Dynamic NMR microscopy : a thesis presented in partial fulfilment of the requirements for the degree of Doctor of Philosophy in Physics at Massey University

Abstract

The theory and practice of Dynamic NMR Microscopy are described in detail. The description consists of a brief presentation of k-space imaging which includes the 2-D filtered back-projection (PR) reconstruction algorithm as well as the influence of various image contrast factors, a detailed discussion of q-space imaging which employs the Pulsed-Gradient Spin-Echo (PGSE) sequence and a thorough description of Dynamic NMR Microscopy which combines both k-space and q-space mapping. The velocity and self-diffusion image artifacts and errors associated with Dynamic NMR Microscopy have also been investigated extensively. As part of this work, various modifications to and developments of the existing imaging system have been made.
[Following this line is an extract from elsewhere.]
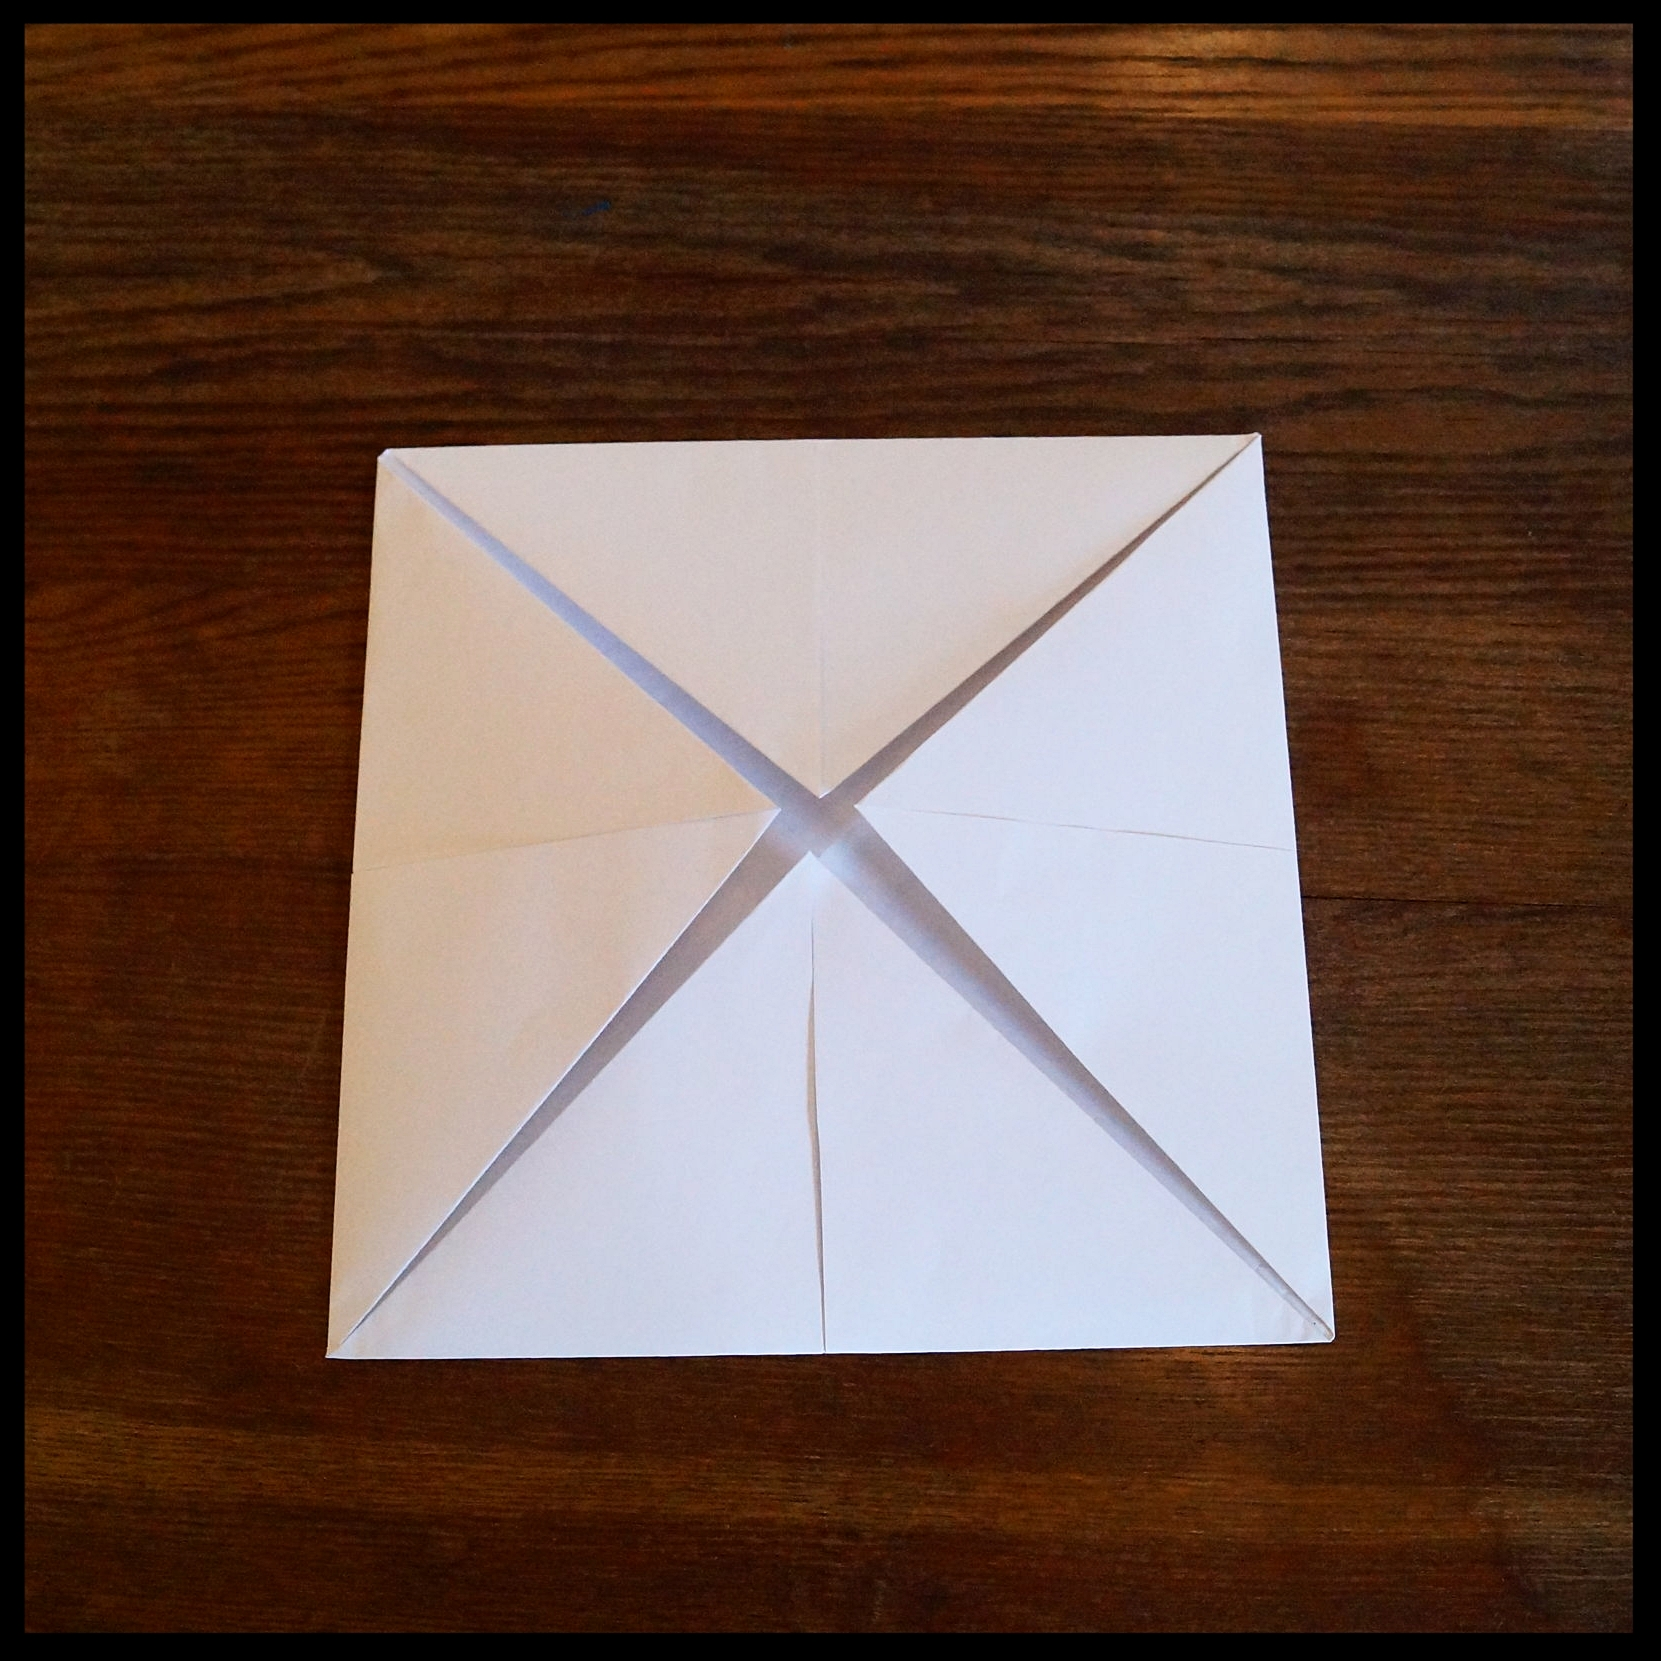 1c. Flip over. Fold each corner into the center again.

These include the probe design for 'non-trivial' flow imaging experiments and software programming using assembly, BASIC, FORTRAN and PASCAL languages. Several instrument-related issues in NMR microscopy have also been investigated. They include the attempt to improve spatial resolution by scaling down the receiver coil, the zero-frequency 'glitch' artifact in images and the effect of induced eddy current in imaging experiments. The results of the comprehensive water capillary flow experiments have shown that simultaneous measurement of velocity and self-diffusion coefficient can be made both accurately and precisely using Dynamic NMR Microscopy. Imaging experiments which investigate molecular motion of relevance to plant physiology, fluid dynamics and polymer physics have been carried out. In the in vivo botanical studies, velocities of approximately 10 µm/s in the castor bean experiment and 45 µm/s in the Stachys experiment have been measured. In the rheological studies, induced secondary flow (eddy) around the abrupt junction in a tube was observed, which has agreed well with numerical simulation of the Navier-Stokes equation. In the studies of unusual rheological properties of high molar mass polymer solutions, velocity profiles for WSR301 polyethylene oxide (PEO)/H2O in capillary flow were measured and fitted using the power law model. The measurement of self-diffusion profiles for monodisperse PEO standards in D2O has shown clear evidence for the breakdown of molecular entanglements in semi-dilute solutions once the shear rate exceeds the equilibrium tube renewal rate, τd-1.